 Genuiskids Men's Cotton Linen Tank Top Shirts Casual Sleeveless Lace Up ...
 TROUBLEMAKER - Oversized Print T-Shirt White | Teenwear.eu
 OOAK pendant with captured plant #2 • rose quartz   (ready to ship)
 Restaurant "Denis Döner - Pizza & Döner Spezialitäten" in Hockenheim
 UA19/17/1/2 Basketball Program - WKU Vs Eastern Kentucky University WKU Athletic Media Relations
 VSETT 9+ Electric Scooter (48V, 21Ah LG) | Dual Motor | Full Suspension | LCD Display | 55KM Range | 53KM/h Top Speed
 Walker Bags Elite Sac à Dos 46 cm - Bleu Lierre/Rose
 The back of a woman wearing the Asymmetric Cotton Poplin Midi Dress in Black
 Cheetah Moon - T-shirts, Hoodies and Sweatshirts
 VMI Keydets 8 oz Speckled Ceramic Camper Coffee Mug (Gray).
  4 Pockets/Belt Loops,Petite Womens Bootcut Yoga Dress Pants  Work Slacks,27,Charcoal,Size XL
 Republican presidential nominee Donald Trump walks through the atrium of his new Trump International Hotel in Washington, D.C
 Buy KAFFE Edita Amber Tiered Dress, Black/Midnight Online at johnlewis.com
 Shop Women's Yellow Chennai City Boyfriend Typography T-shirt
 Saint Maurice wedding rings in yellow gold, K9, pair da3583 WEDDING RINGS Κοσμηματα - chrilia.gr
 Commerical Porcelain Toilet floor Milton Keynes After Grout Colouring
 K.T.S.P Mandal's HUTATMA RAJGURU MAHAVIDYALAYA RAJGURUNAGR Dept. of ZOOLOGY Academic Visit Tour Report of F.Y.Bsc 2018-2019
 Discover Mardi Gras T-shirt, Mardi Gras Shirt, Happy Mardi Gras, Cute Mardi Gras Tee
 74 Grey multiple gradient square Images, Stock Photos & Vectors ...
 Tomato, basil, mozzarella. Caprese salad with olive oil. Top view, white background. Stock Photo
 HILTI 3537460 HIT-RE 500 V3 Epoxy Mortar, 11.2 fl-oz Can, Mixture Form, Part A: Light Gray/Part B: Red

····················

▸ WHAT TO WORK ON
Look over the records above, and wherever a line contains the string "Stock", copy that line.

▸ RESPONSE FOR THIS EXERCISE
 74 Grey multiple gradient square Images, Stock Photos & Vectors ...
 Tomato, basil, mozzarella. Caprese salad with olive oil. Top view, white background. Stock Photo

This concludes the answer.